Макс украдкой посматривал на нее. В белой блузке, застегнутой до самого верха, и в скромной серой юбке Кларисса была незаметной. Она не походила на девушек своего возраста, которые старались любой ценой подцепить военного, чтобы выйти за него замуж и уехать из Германии как можно дальше. Он знал, что она не ходит на танцы и не имеет друзей, а ведь у нее было милое личико и хорошая фигура. Макс удивился, почувствовав ее напряжение, но он никогда не мог ее понять. Эта странная смесь раздражения и застенчивости иногда выводила его из равновесия. Общаясь с Клариссой, он не мог отделаться от ощущения, что идет по тонкому льду.
— Елка, которую ты принес, какая-то анемичная, — заметила Мариетта, указывая на скромное деревцо, украшенное редким дождиком из фольги. — Она похожа на нас, несчастная. Но все равно с твоей стороны это так мило — устроить для нас праздник. Я не вставала с постели уже пятнадцать дней. Мне кажется, что я снова вернулась в мир живых, перед тем как окончательно перейти на другую сторону. К тем, кто там находится, скоро буду принадлежать и я.
Состроив горько-ироничное лицо, она подняла свой бокал.
— У тебя просто дар создавать напряженную атмосферу, — заметил Макс. — Только не говори все это при Акселе.
— А, Аксель, — вздохнула она. — Моя самая большая слабость. Как я люблю этого мальчика, если бы вы знали! Для него я готова на все…
Она помолчала несколько секунд, словно раздумывая, стоит ли продолжать, но все-таки продолжила, покусывая губы.
— Я получила письмо от его отца.
Дрожь прошла по телу Макса. Он замер и очень аккуратно поставил на стол тарелку с сухими пирожными.
— Курт жив?
Мариетта молча глотнула вина, потом тщательно затушила в пепельнице сигарету. Из табака, добытого из семи окурков, можно будет еще сделать одну самокрутку.
— Тебя это удивляет? — усмехнулась она.
— Нет. И где же он?
— В Баварии.
— Надеюсь, за решеткой, отбывает заслуженное наказание?
— Пока нет.
Гнев охватил Макса, комом подступил к горлу.
— А как же он узнал, где тебя найти? Не мог же он предположить, что ты живешь в моей бывшей студии?
— Первой написала ему я. Еще раньше мы условились об одном почтовом адресе, это возле Мюнхена, куда мы сможем посылать друг другу письма. До настоящего времени я сомневалась, стоит ли…
— А теперь решила, что стоит? — горько бросил Макс.

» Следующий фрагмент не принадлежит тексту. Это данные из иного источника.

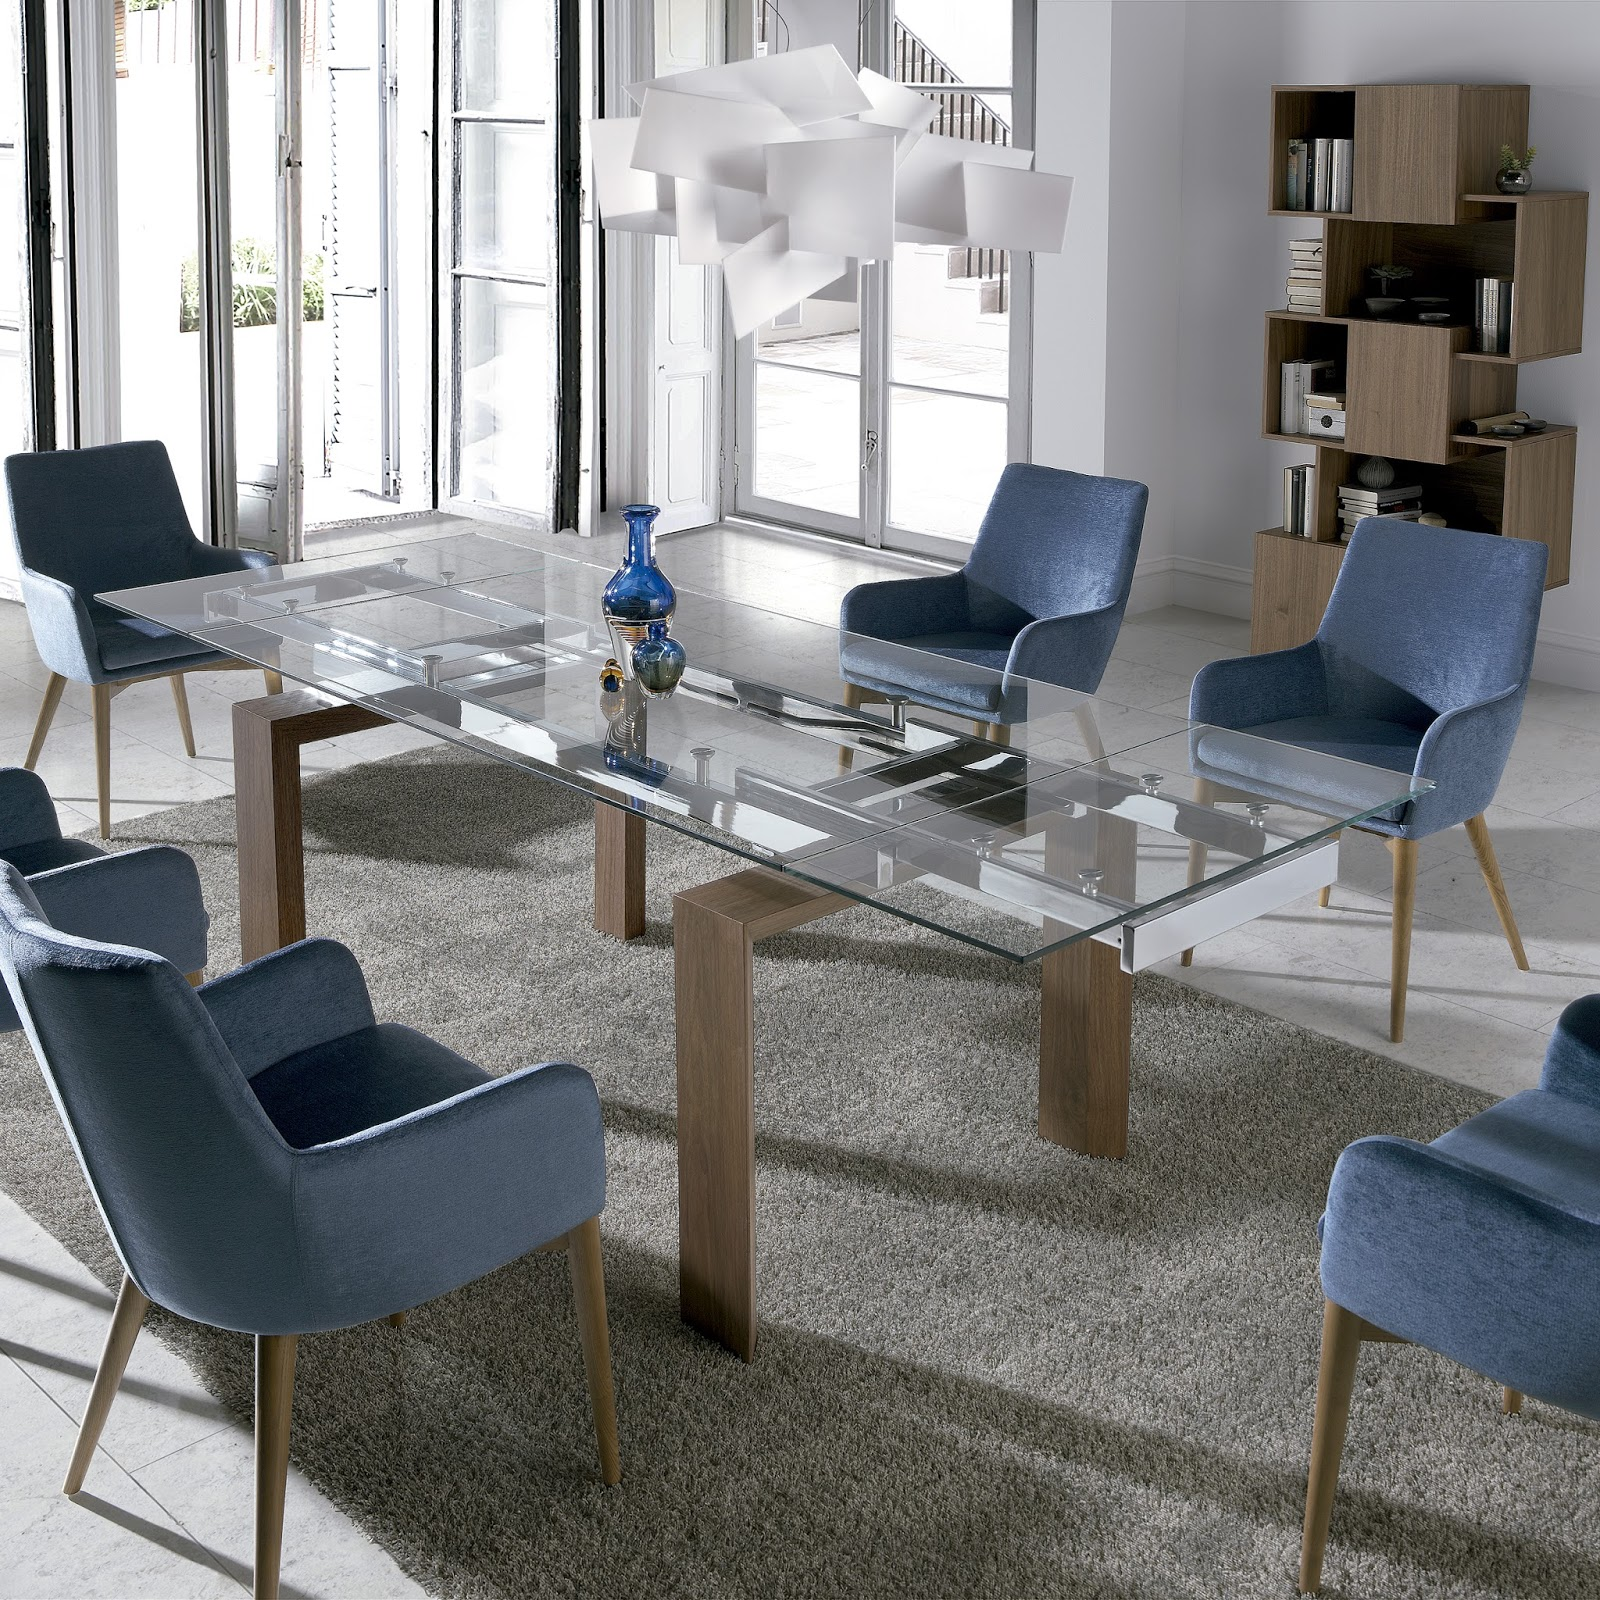 Mesas de comedor mesas de comedor extensibles de cristal for Mesas de comedor redondas de cristal

— Я хочу, чтобы у моего сына было будущее. Я должна была знать, жив ли его отец. Сама я от Курта ничего не жду. Даже буду счастлива, если никогда больше его не увижу. Мы испытали вместе много счастливых моментов, но потом я разочаровалась в нем. Аксель же — это совсем другое.

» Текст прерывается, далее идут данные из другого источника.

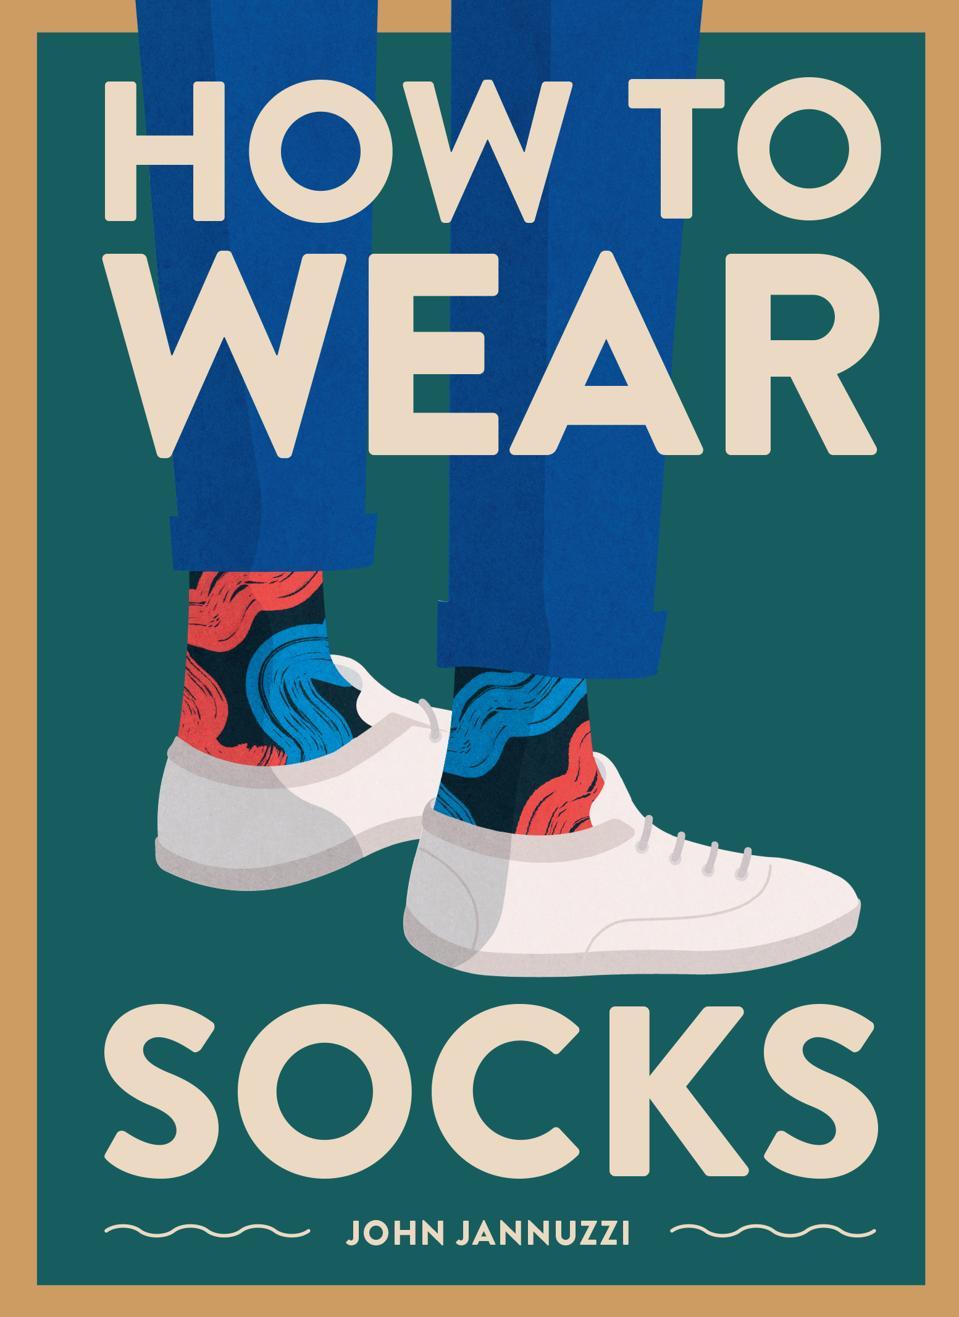 ″How to Wear Socks″ book

— Значит, ты считаешь, что для устройства будущего твоего сына нужен такой человек, как Курт Айзеншахт? — подвел итог Макс. — И какое же будущее? Ведь этот мерзавец на всю катушку пользовался выгодами, поддерживая этот порочный режим! Будем, по крайней мере, откровенны. Ты просто хочешь денег, Мариетта. И всегда хотела. Именно поэтому ты и вышла за него замуж. Теперь ты думаешь, что он выкрутится и сможет спасти часть своего имущества. И ты, конечно же, права. Но какой это позор!
Она пожала плечами.
— Как бы то ни было, Курт всегда останется отцом Акселя. Малыш никогда о нем не говорит, но это не значит, что он не думает об отце. Курта можно обвинить во многом, но в одном я уверена: он позаботится о будущем своего сына. Аксель в отчаянии. Его мир перевернулся. Иногда мне кажется, что ему уже тридцать лет. Я дрожу от страха всякий раз, когда он идет на черный рынок торговать. В любую минуту его могут арестовать. Однажды на вокзале он едва убежал от патрульных. Я хочу, чтобы у него был шанс чего-то достичь в жизни.
Тень печали омрачила ее лицо.
— Я умираю, Макс, — сказала она сурово. — Это чудо, что я дожила до сегодняшнего дня. И я не собираюсь напрасно терять время.
Макс отвернулся. Он не мог больше смотреть в ее темные глаза. Воспоминания накатили на него. Блестящий, с безграничными амбициями Айзеншахт. И вот теперь его зять снова возникает в их жизни. Как ему удалось проскочить сквозь сети чисток? Поверить невозможно! Американцы вели процесс над нацистами рьяно, хотя их подход сильно отличался от подхода русских, которые хотели не столько наказать побежденных за их нацистское прошлое, сколько создать такую Германию, где, пусть и не быстро, гусиным шагом, но в конце концов создадут социалистическое общество при помощи СССР. Какая же невероятная изворотливость понадобилась Айзеншахту, чтобы он смог обмануть судей!
— Не уверена, что Аксель настолько беспомощен, как вы о нем думаете, — вмешалась Кларисса. — Он уже понял, что может рассчитывать только на себя. Для юноши его возраста, когда молодежь только и ждет, что скажут старшие, это прогресс. У него открылось второе дыхание.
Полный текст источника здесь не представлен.